*Required work*.
Pictures stay out of your copy, but everything else in the records below must be repeated exactly.

*** Input Section Begins ***

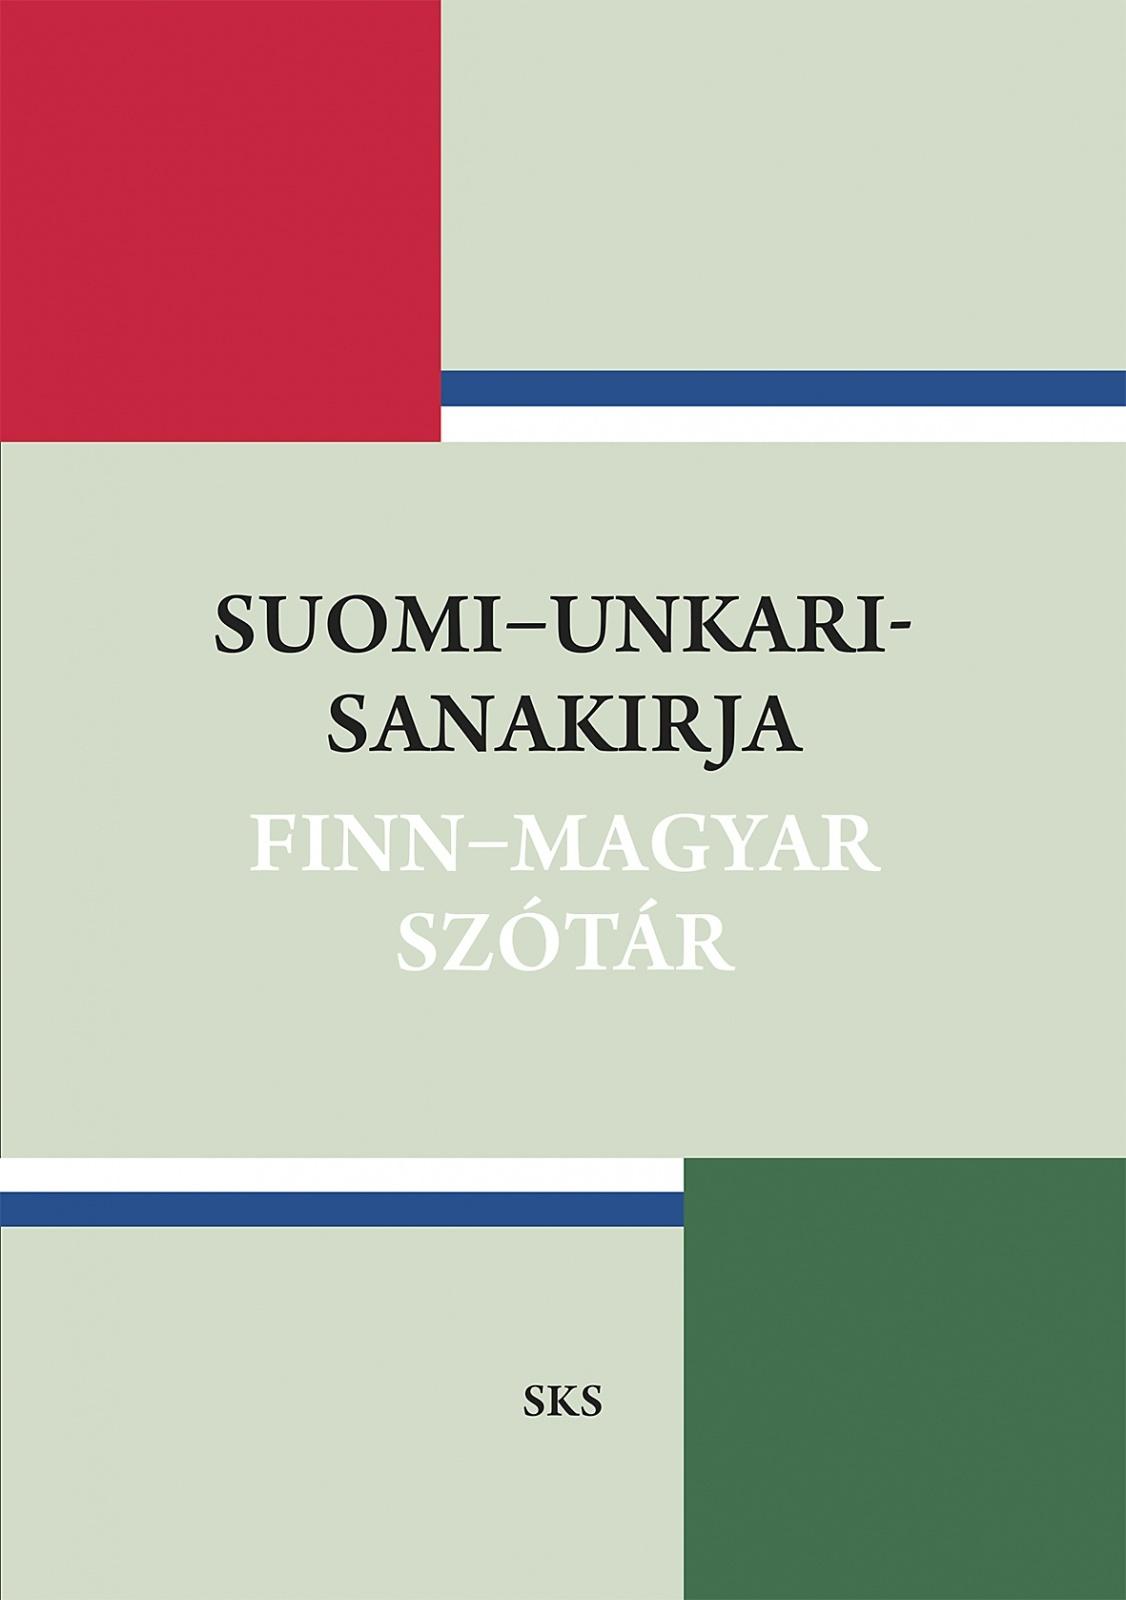 Unkari Suomi Sanakirja
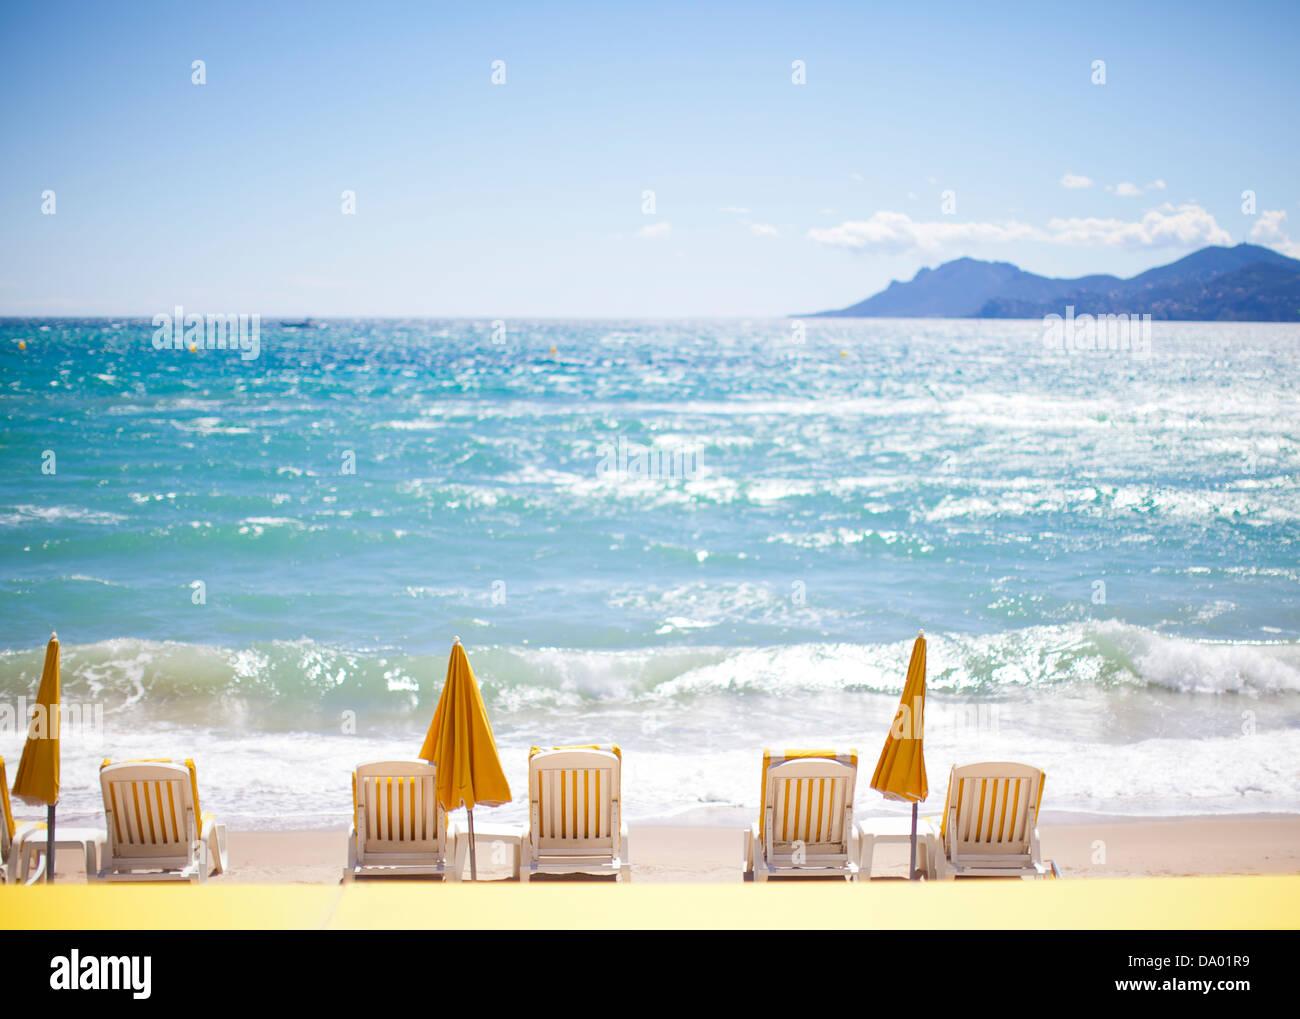 Reihe von gelben Sonnenschirme und liegen am Mittelmeer. Stockbild
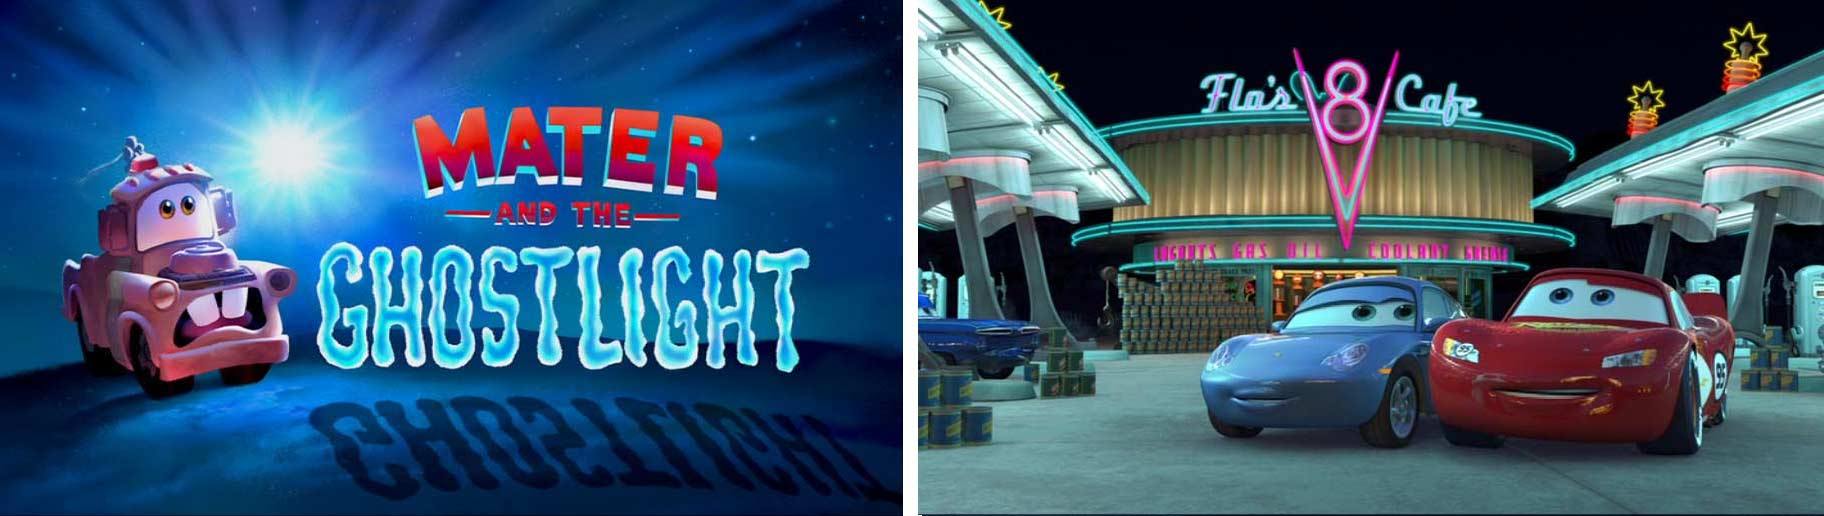 Flash dans Martin et la lumière fantôme (Cars - Pixar)
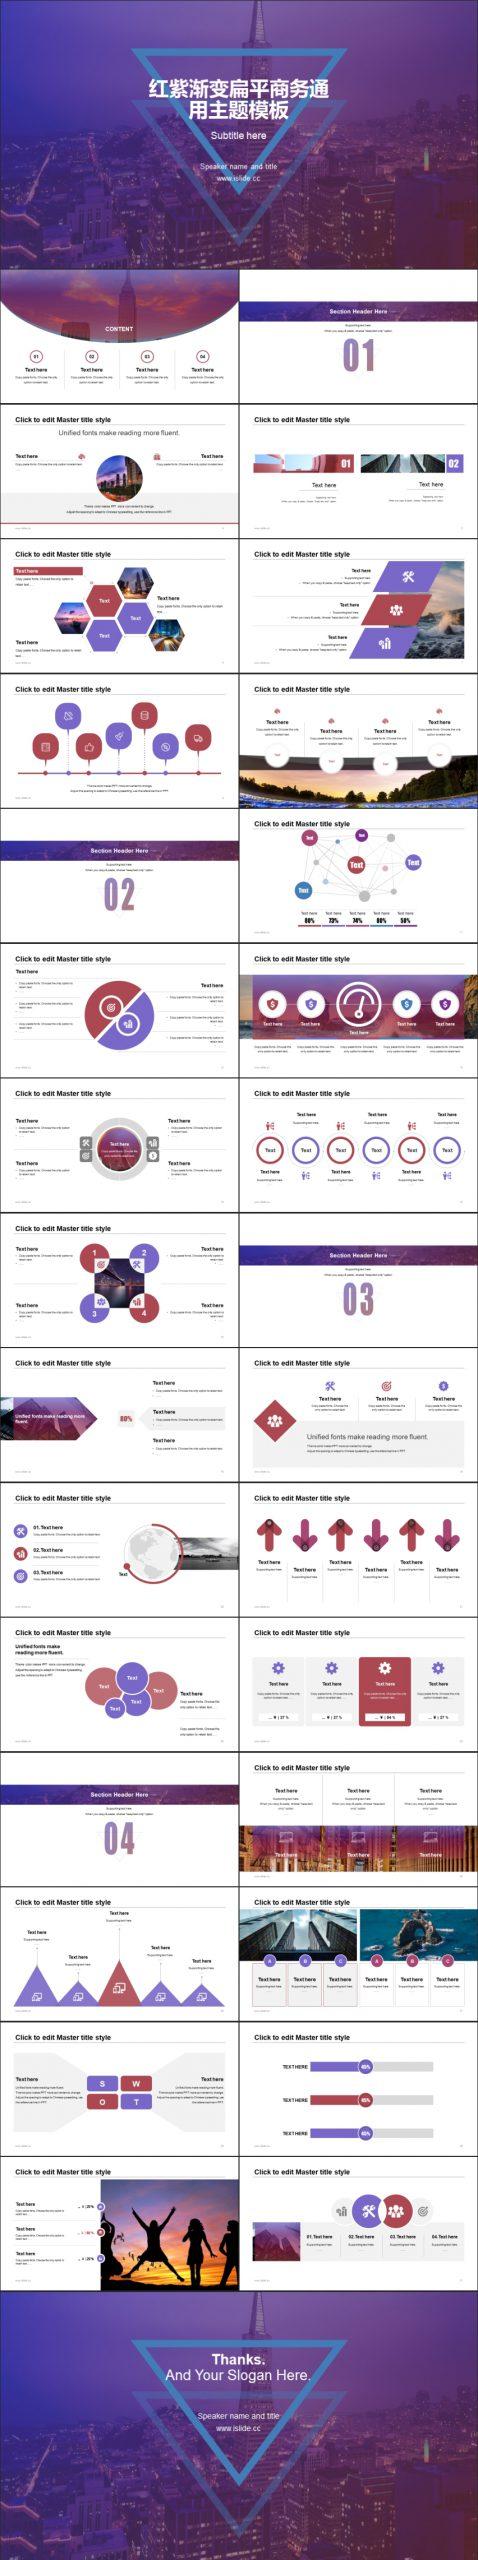 红紫渐变扁平时尚商务通用主题PPT模板下载_预览图2
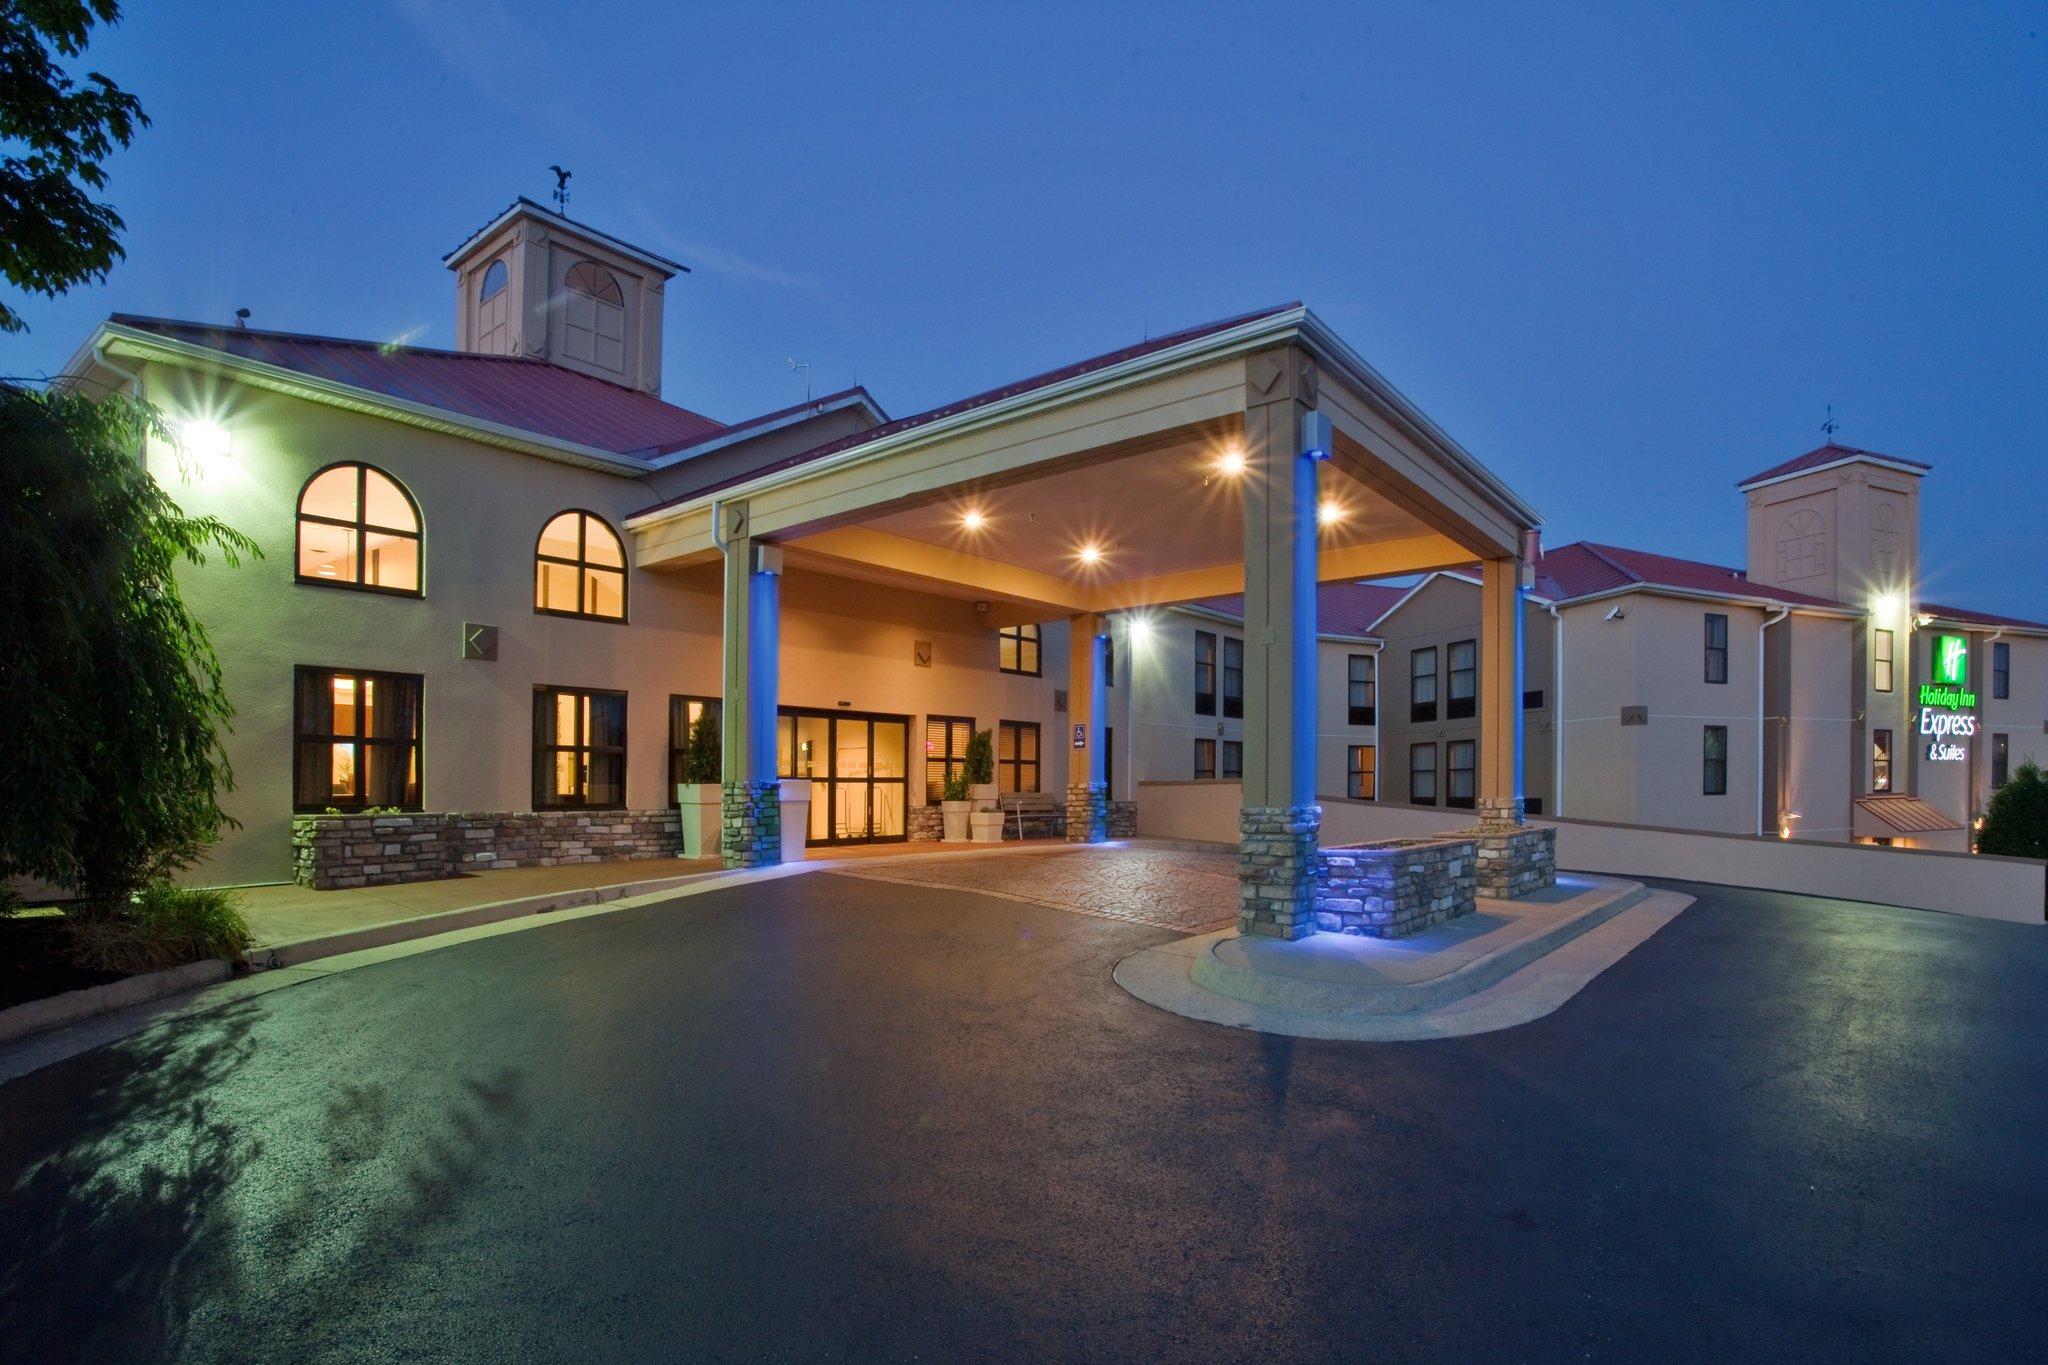 ホリデー イン エクスプレス ウェインズボロRt.340 ホテル

*** Input Section Ends ***

*Expected output*.
 Unkari Suomi Sanakirja
 Reihe von gelben Sonnenschirme und liegen am Mittelmeer. Stockbild
 Flash dans Martin et la lumière fantôme (Cars - Pixar)
 红紫渐变扁平时尚商务通用主题PPT模板下载_预览图2
 ホリデー イン エクスプレス ウェインズボロRt.340 ホテル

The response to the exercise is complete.